Expects to wrap up island debt restructuring process


Regarding the Financial Oversight and Management Board, and Puerto Rico’s debt restructuring process and negotiating with the commonwealth’s creditors, the governor-elect said he has no objection to trying to reach an acceptable deal, “the sooner the better.”


Pierluisi also told the Star he has “no objection to using mediation to try to reach that deal.”


“If those efforts fail, I will be the first one who will be encouraging the Board to submit a revised plan of adjustment to the court, having at least one of the classes of impaired creditors supporting it,” he said. “The PROMESA [Puerto Rico Oversight, Management and Economic Stability Act] law allows for that.”


Meanwhile, Pierluisi said a priority for him is “that whatever debt the board proposes on behalf of the commonwealth, whatever adjustment to the debt the board proposes to the government, is something that the government can afford.”


“I’ll be looking for sustainability, I’ll be looking for affordability in this process; it is unquestionable that at least half of the debt that the government of Puerto Rico accumulated and owes was intended to finance capital improvement projects,” he said. “I’m summarizing here, but to expect to be paying no debt is not realistic. We will end up having to pay some of the debt that the government incurred.”

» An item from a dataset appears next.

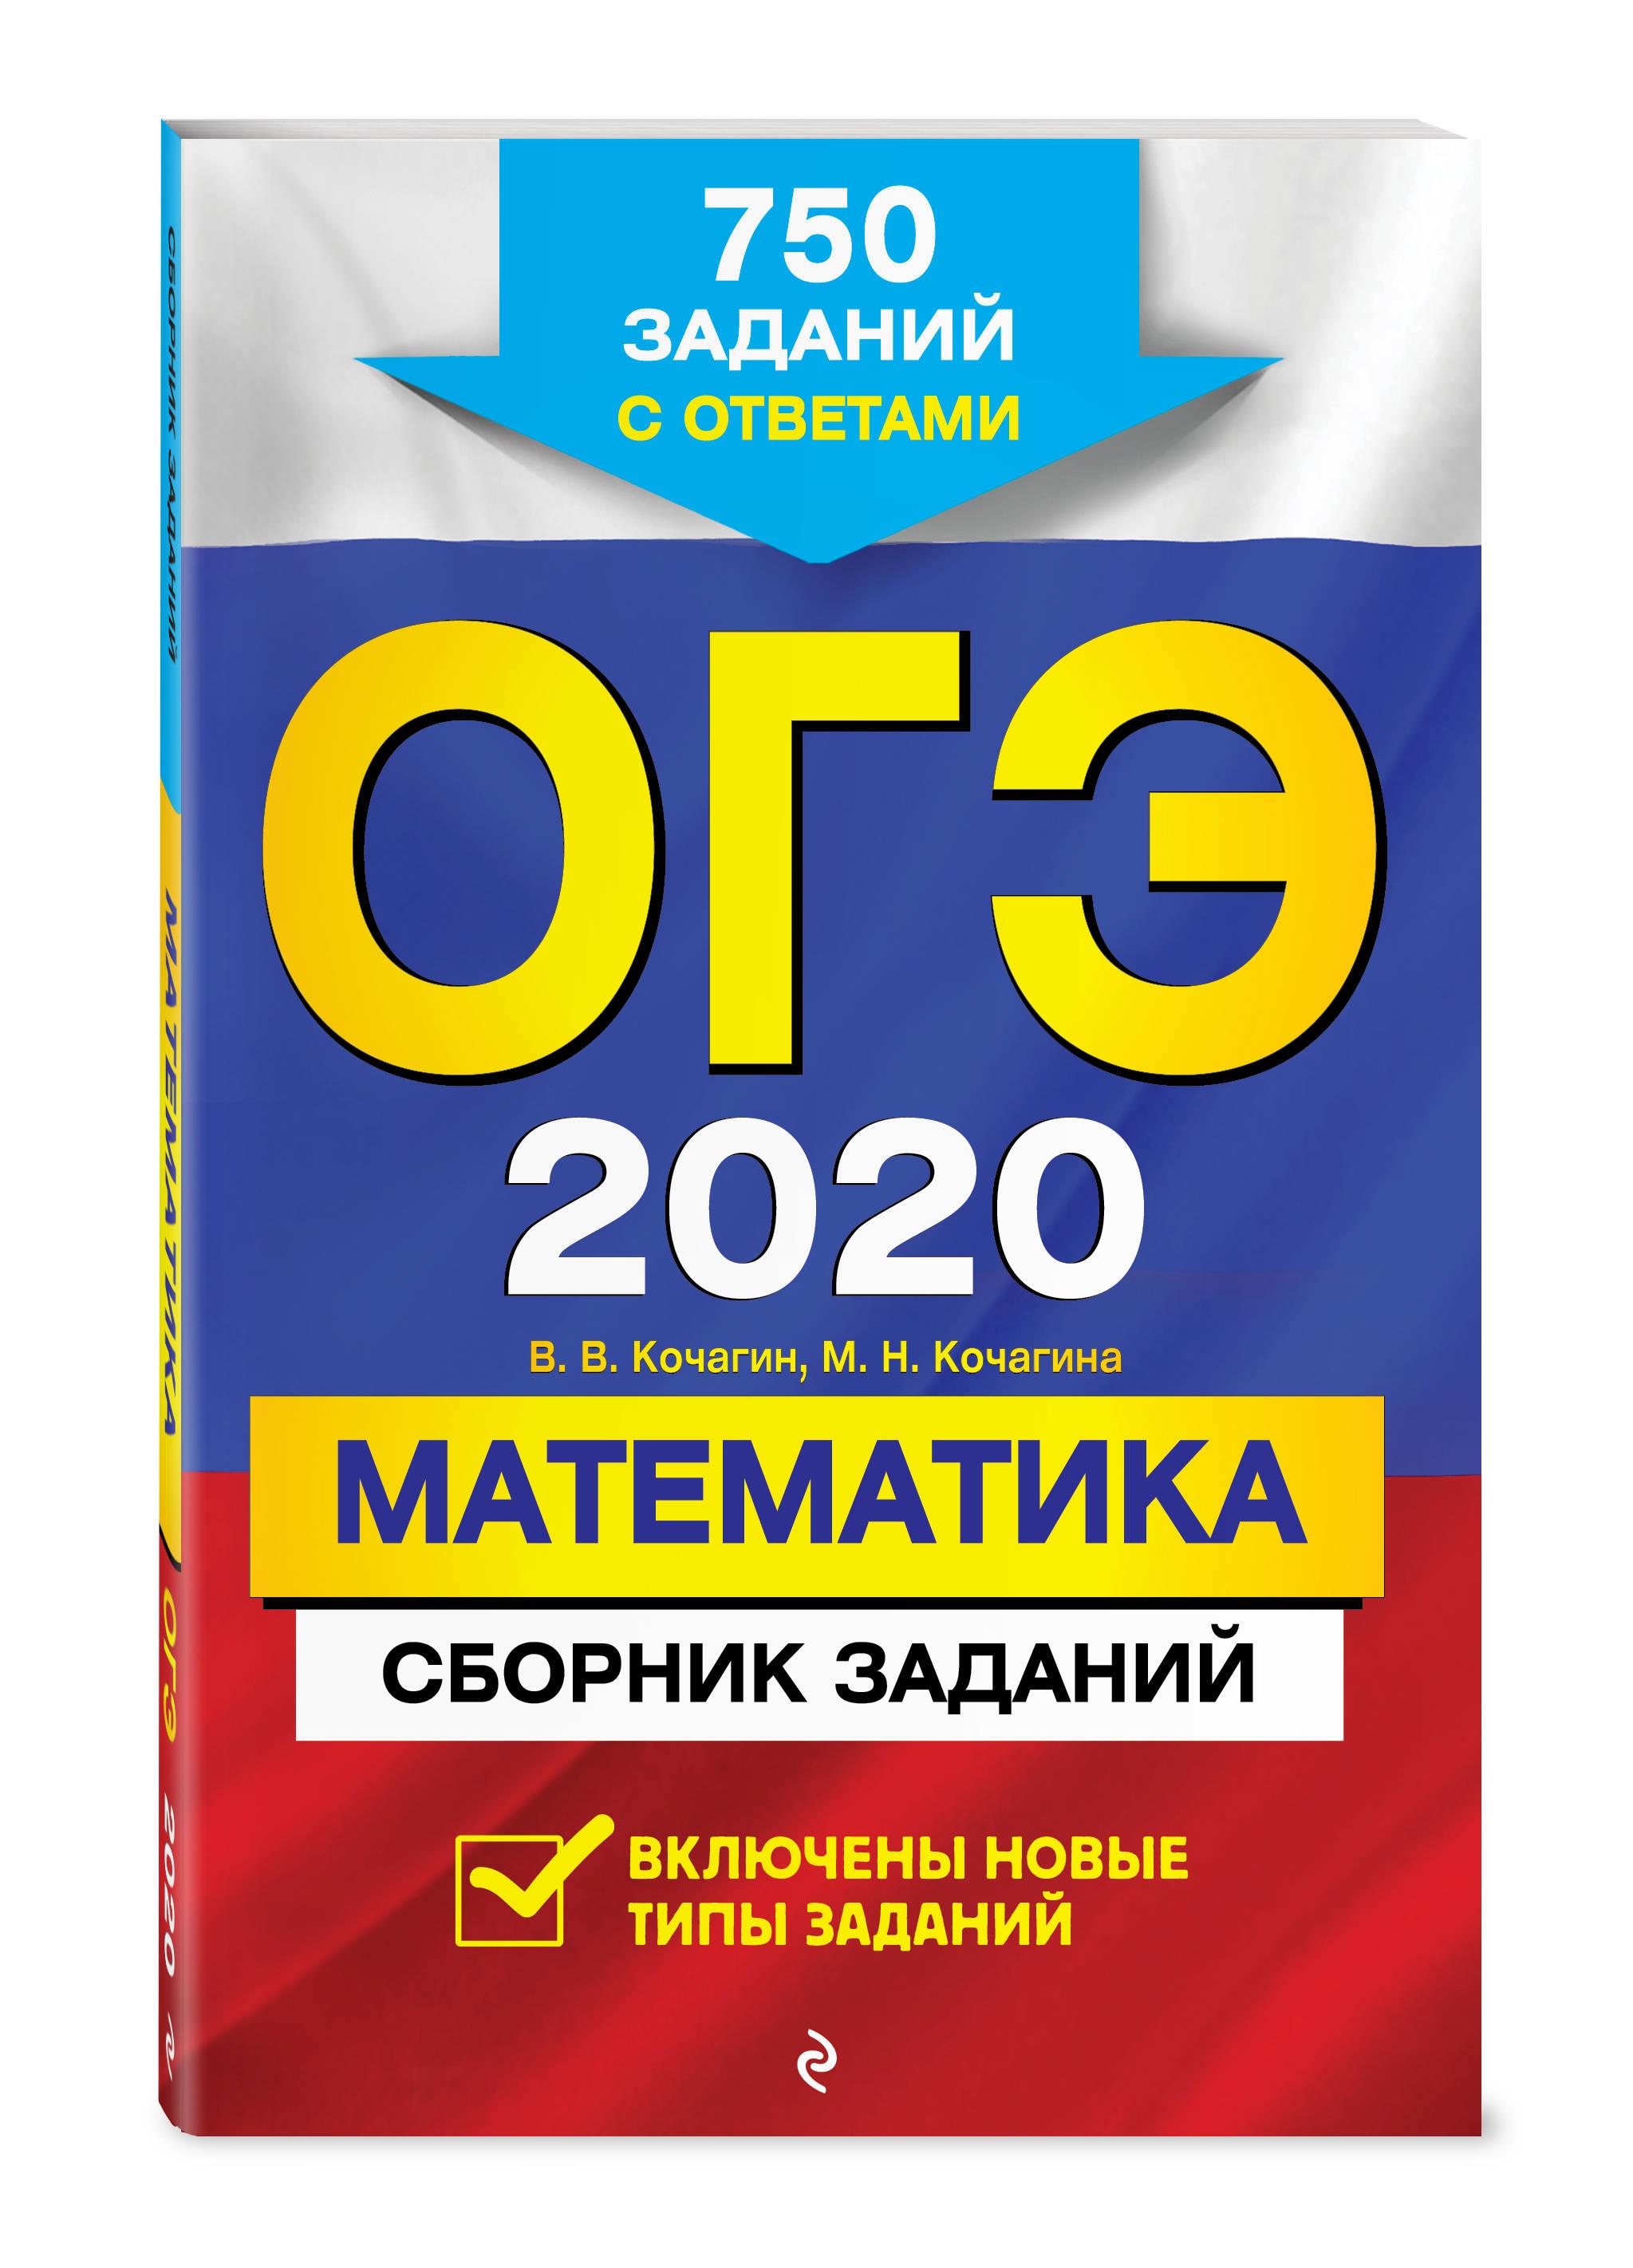 ОГЭ-2020. Математика. Сборник заданий: 750 заданий с ответами. В. В. Кочагин, М. Н. Кочагина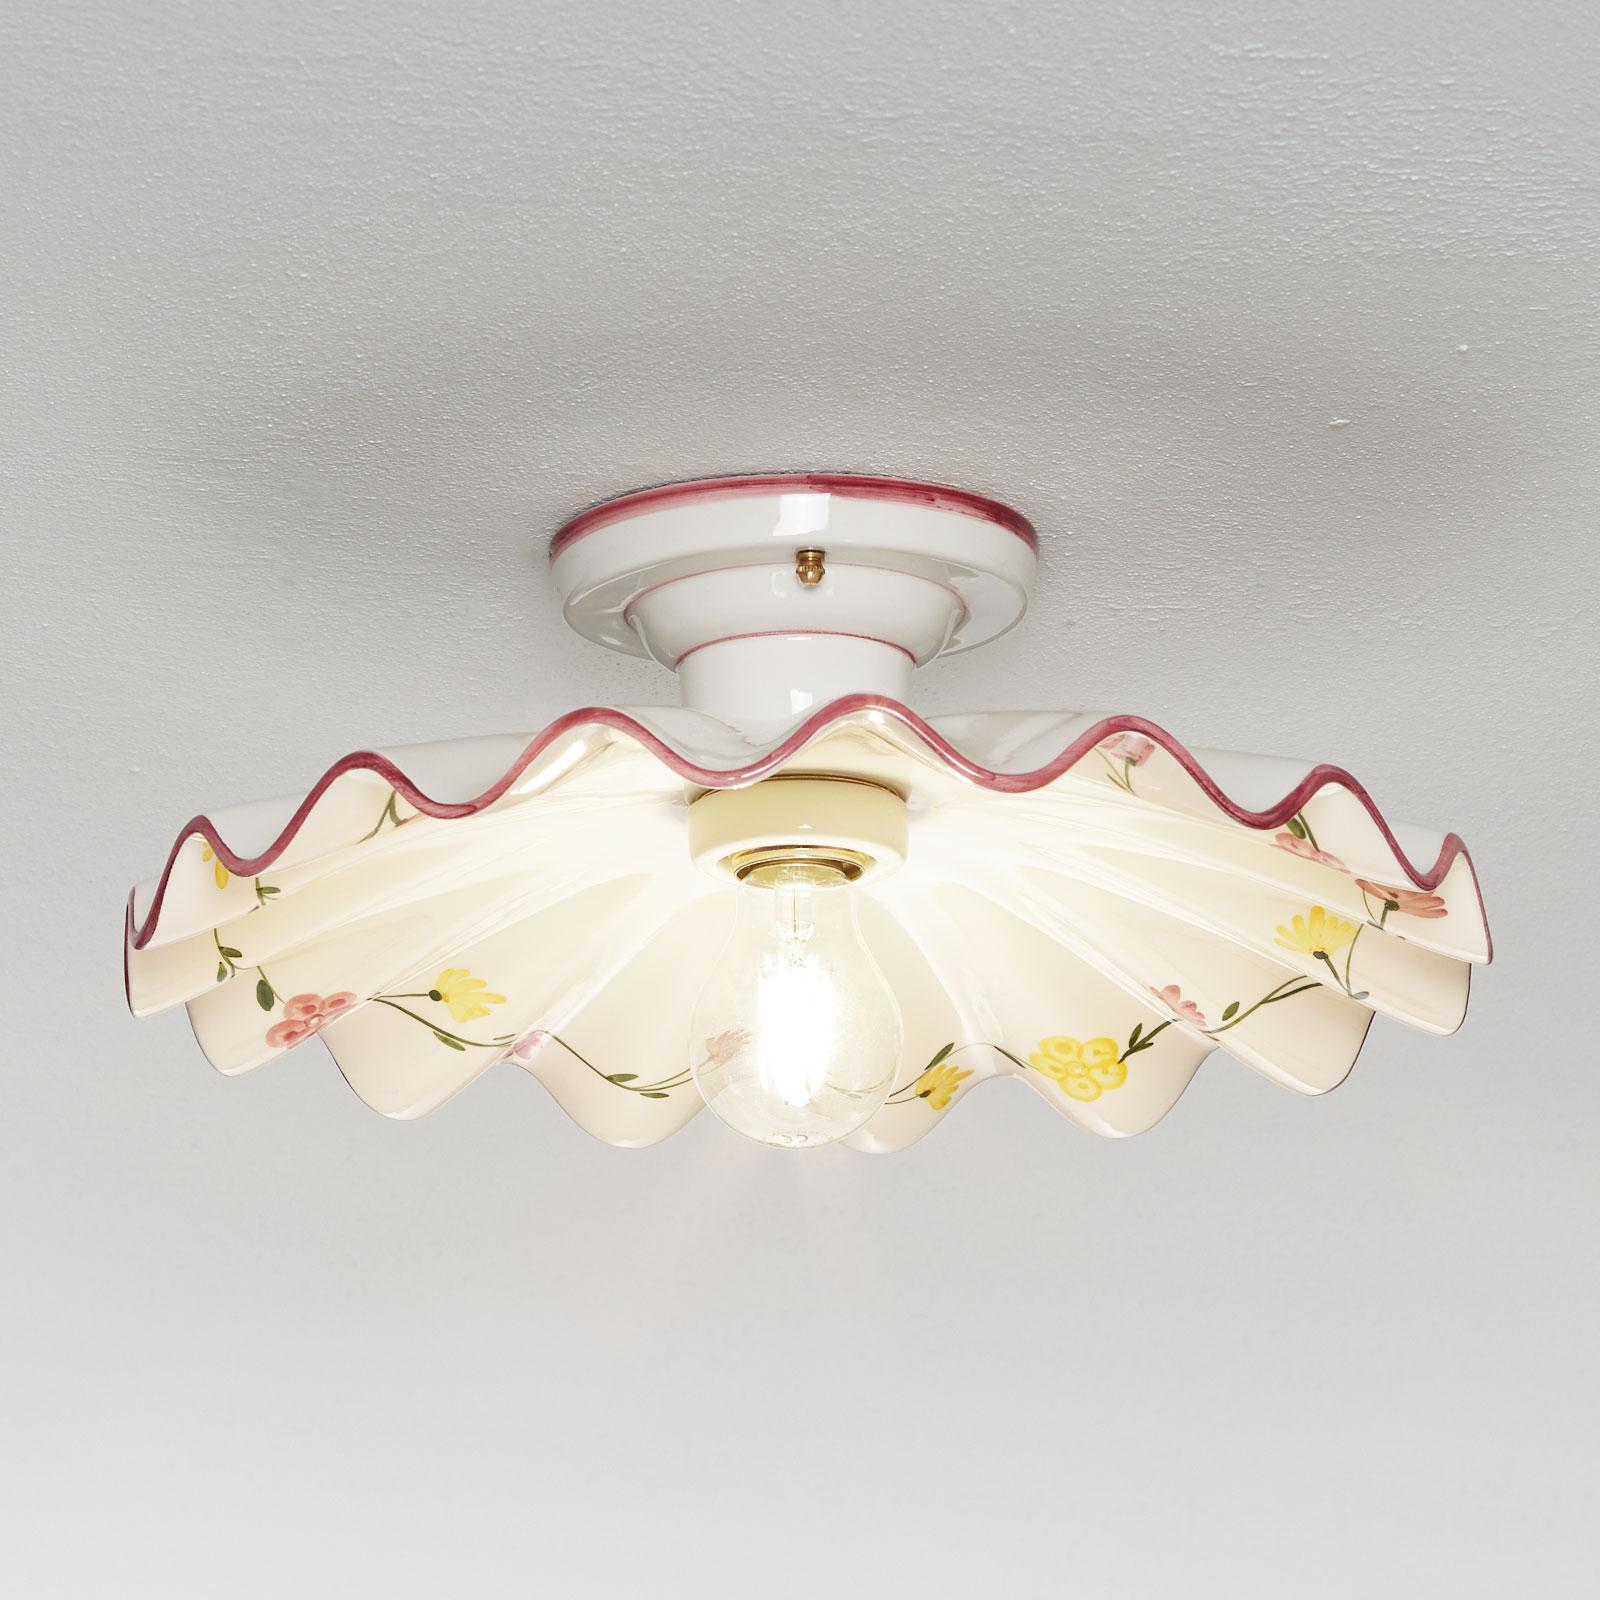 Stropné svietidlo Ametista z keramiky s odstupom_3046030_1

The governor-elect told the Star that although the precise number should be negotiated with both the oversight board and creditors, “it’s in the interest of all to have a number that the government can live with because we don’t want to face another restructuring scenario, another default at any point in the future.”


“We want to make sure to close this chapter and that we never have to go through it again. PROMESA doesn’t envision having a second shot at restructuring our debt; it’s simply a one-time process,” he said. “You restructure the debt, you balance your budget on an ongoing basis for four years, and then regain adequate access to the markets and the Board is gone. That’s the way PROMESA was written.”


Something that doesn’t please him, Pierluisi said, is that, after four years, the island is still in the process of “trying to restructure the debt.”


“We should wrap this up,” he said. “We should do it, the sooner the better, so we don’t spend as much time as we have spent in the past on lawyers and consultants, just for the heck of trying to reach a deal. Let’s do it, let’s get our act together, let’s act with a sense of urgency.”